## Dataset excerpt
+ + +

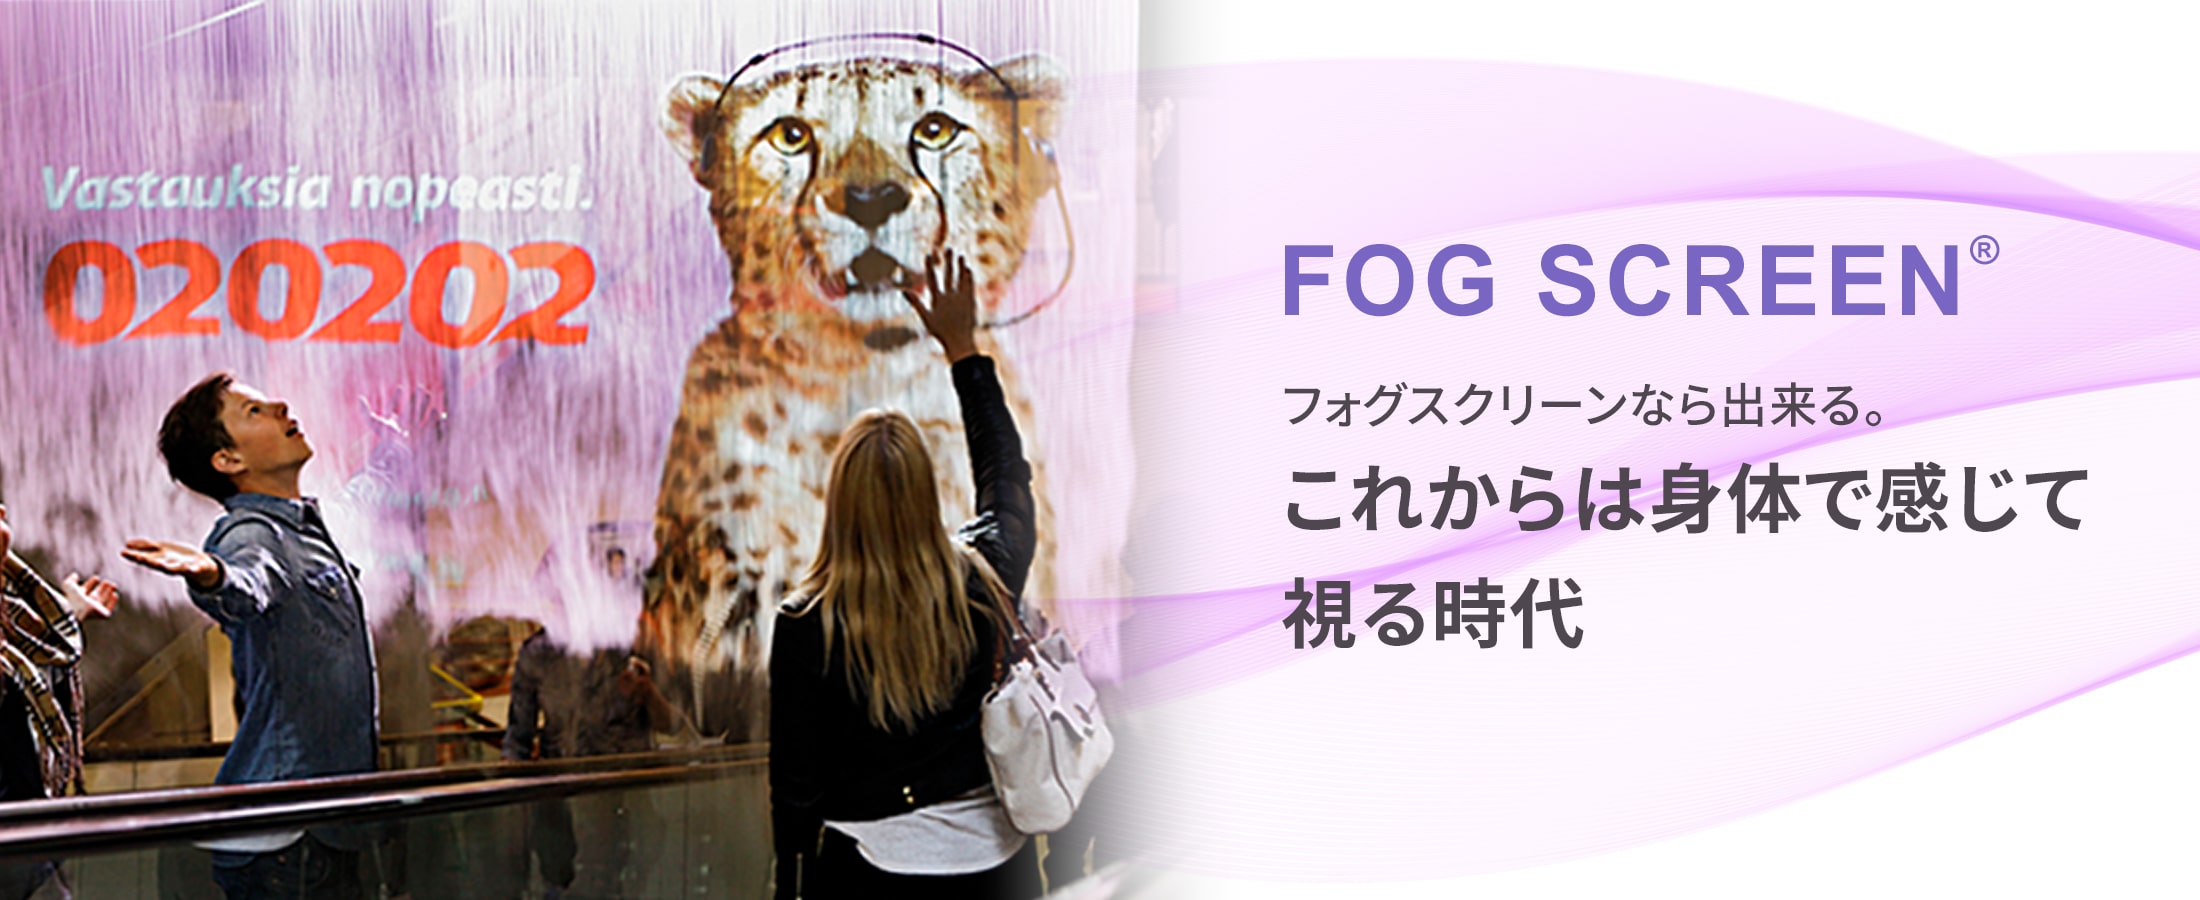 Fog Screen
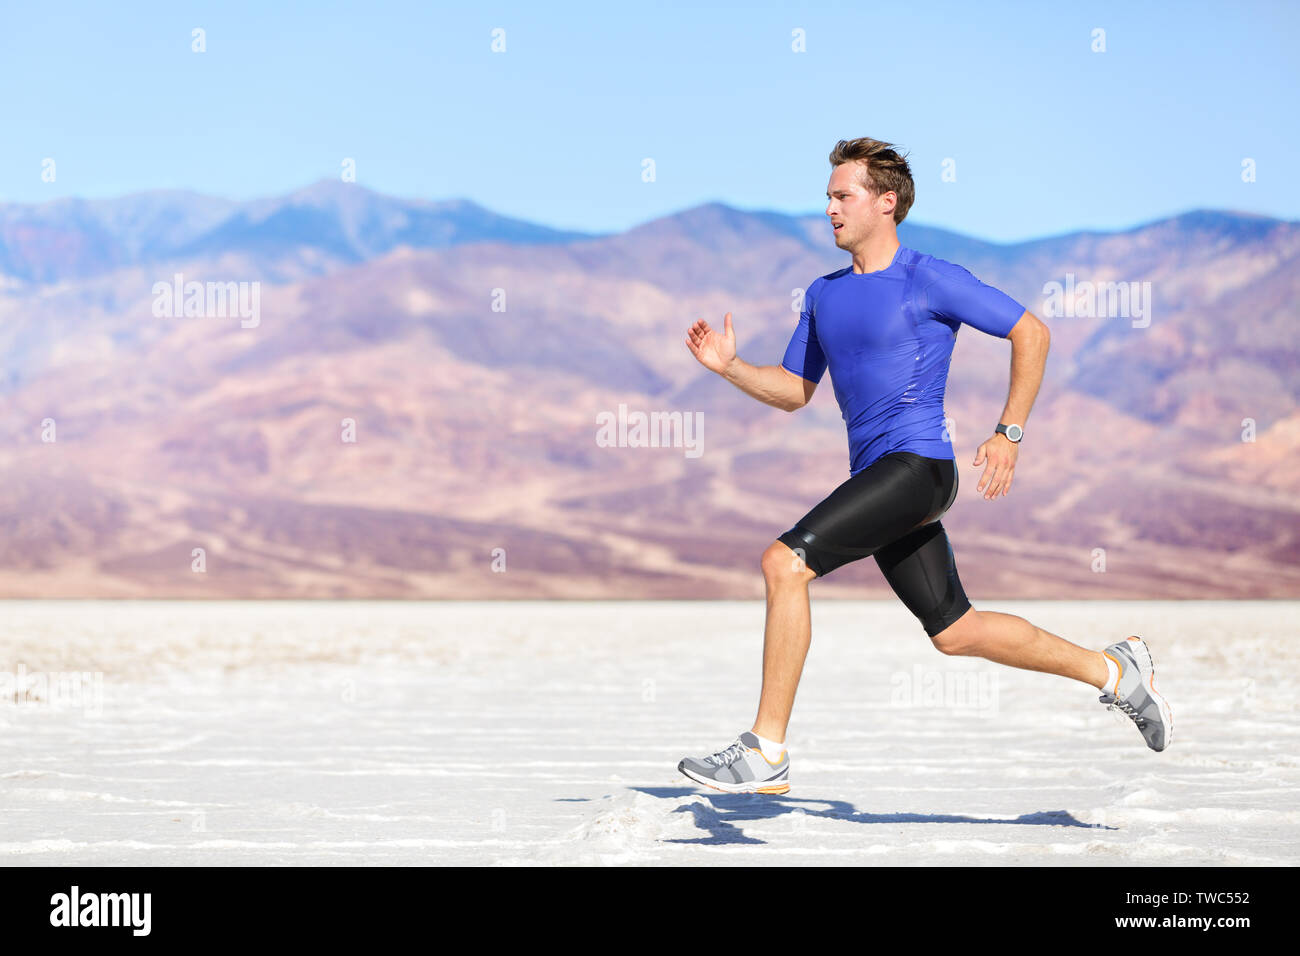 Mann outdoor sprinten Laufen für Erfolg. Männliche fitness Runner sport Athleten im Sprint mit großer Geschwindigkeit in der schönen Landschaft in der Wüste. Stockfoto
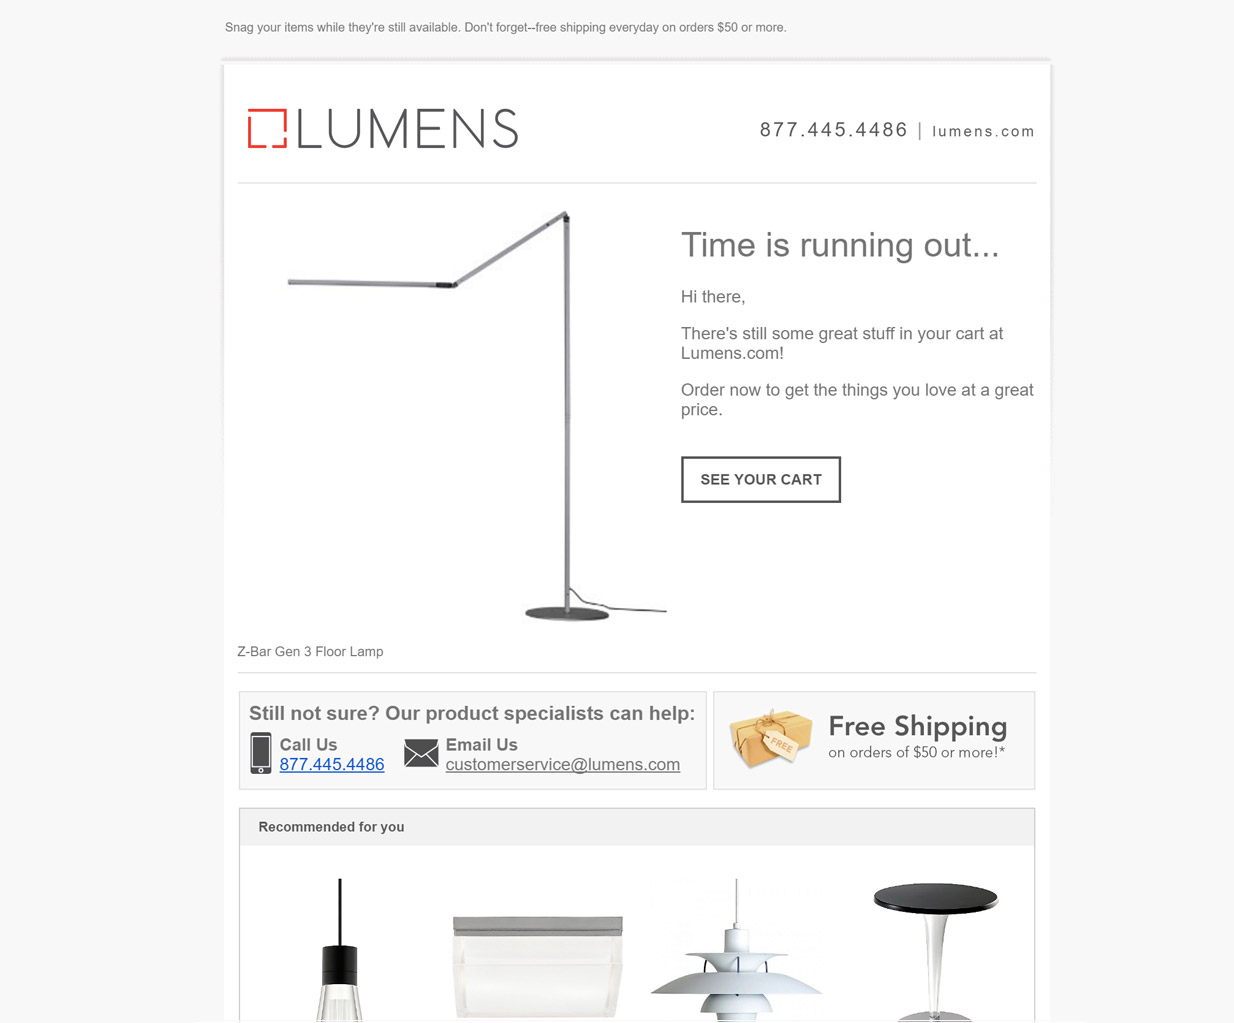 Lumens Remarketing Email

+ + +

## What you need to do
Any images must be left out; transcribe the rest of the material exactly.

## Result below
 Fog Screen
 Mann outdoor sprinten Laufen für Erfolg. Männliche fitness Runner sport Athleten im Sprint mit großer Geschwindigkeit in der schönen Landschaft in der Wüste. Stockfoto
 Lumens Remarketing Email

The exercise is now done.